In conclusion, FD is a common condition defined as recurrent/chronic epigastric discomfort in the absence of a disease. The precise etiology and pathophysiology of FD remains largely unknown, and management of the same through drug therapy has produced unfavorable side effects in some individuals. However, evidence has suggested that POCO could be a viable adjunct, or potential replacement, to conventional pharmaceutical interventions with no recorded side effects, making it an appealing alternative. Ultimately, such an aggregate of botanicals could serve to support individuals’ productivity and quality of life in a fashion that is natural, safe, and efficacious.


1. Zhang J, Liu Y, Huang X, et al. Efficacy comparison of different acupuncture treatments for functional dyspepsia: A systematic review with network meta-analysis. Evid Based Compliment Alternat Med. 2020;2020:1-18. doi:10.1155/2020/3872919.
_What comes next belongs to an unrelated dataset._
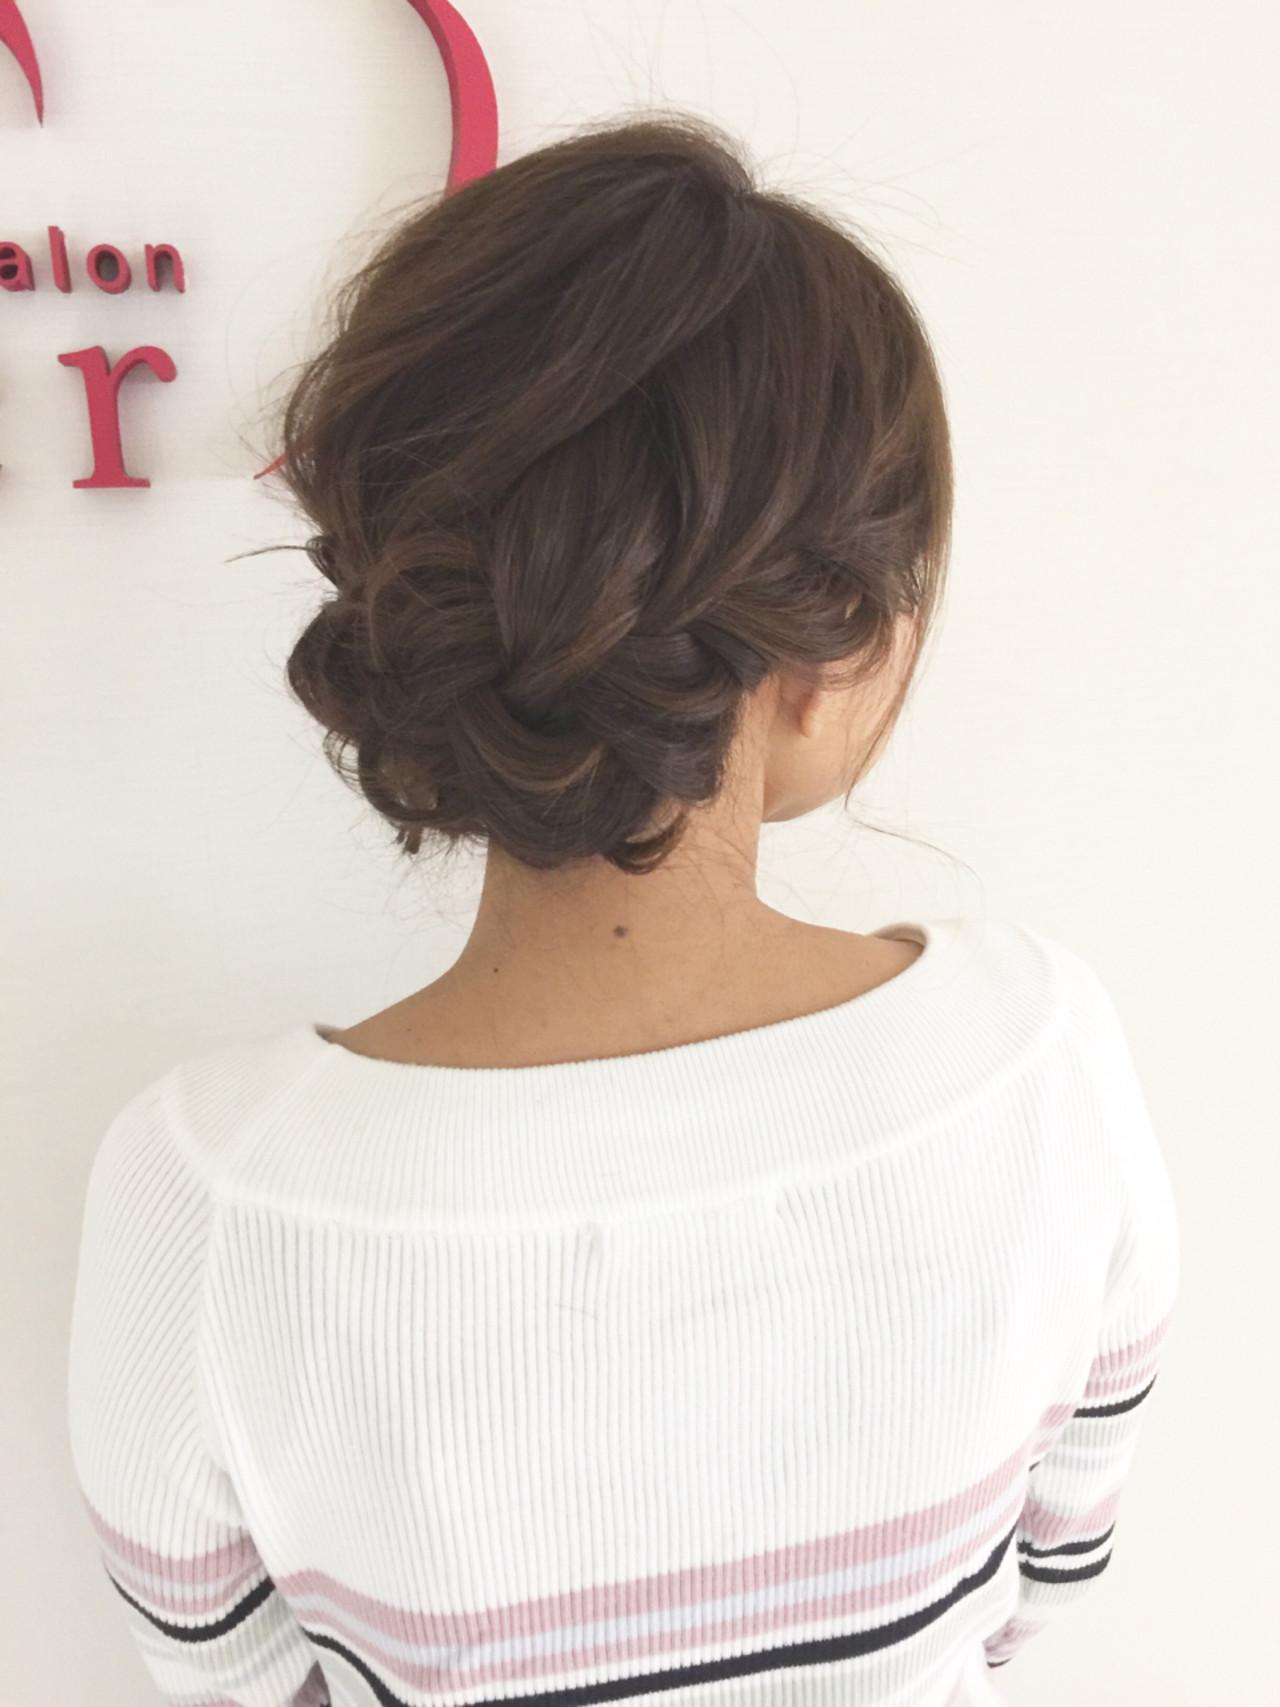 ヘアアレンジ ショート 結婚式 フェミニン ヘアスタイルや髪型の写真・画像 | 栗山 卓也 / ヘアーサロンシェール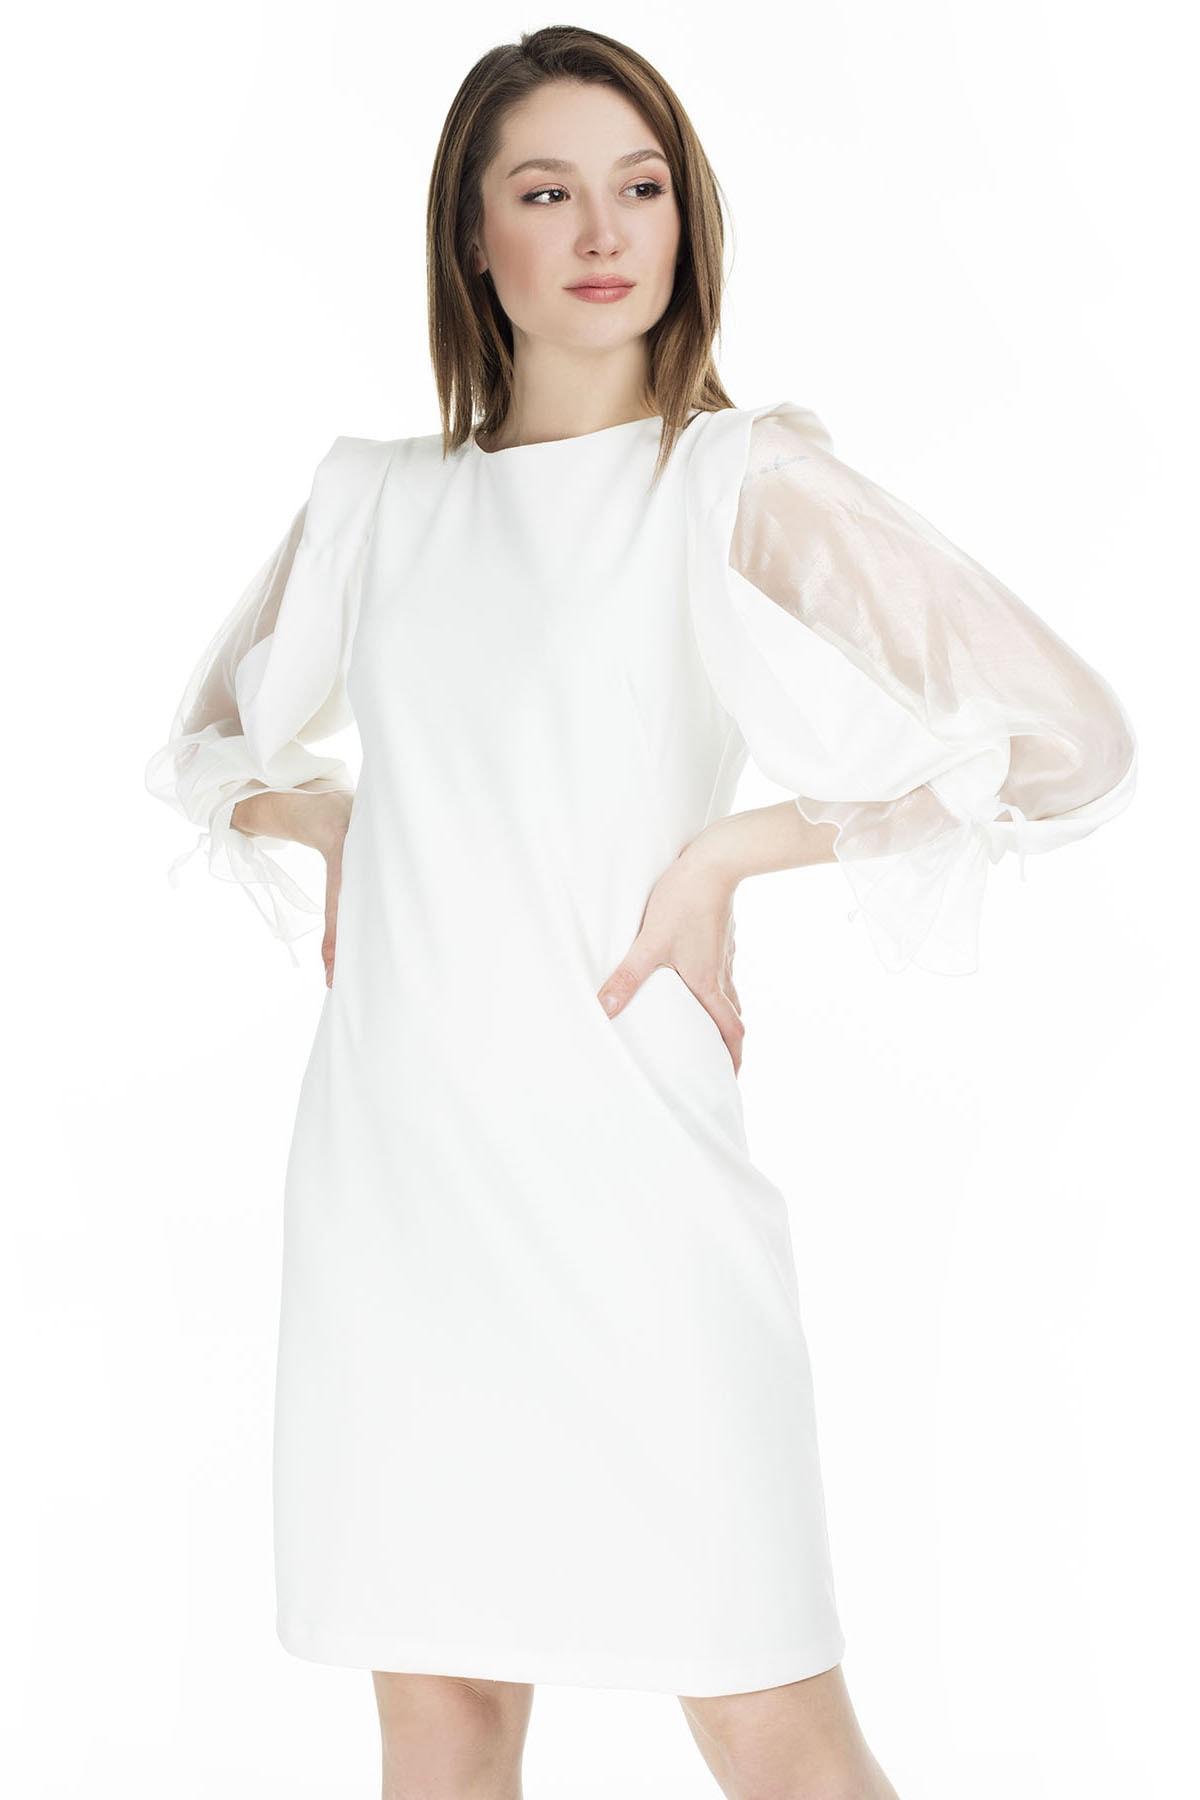 AYHAN Tül Detaylı Elbise KADIN ELBİSE 04660627

2. Erdogan A, Rao SSC. Small intestinal fungal overgrowth. Curr Gastro Rep. 2015;17(4):1-7. doi:10.1007/s11894-015-0436-2.
3. Li J, Lv L, Zhang J, et al. A combination treatment of peppermint oil and caraway oil for the treatment of functional dyspepsia: A systematic review and meta-analysis. Evid Based ComplementaryAltern Med. 2020:1-19. doi:
4. Kwiatkowski P, Pruss A, Dzieciol M, et al. Antibacterial activity of caraway essential oil against staphylococcus aureus isolated from patients with furunculosis. J Microbiol Biotech Food Sci. 2016;5(5):482-486. doi:10.15414/jmbfs.2016.5.5.482-486.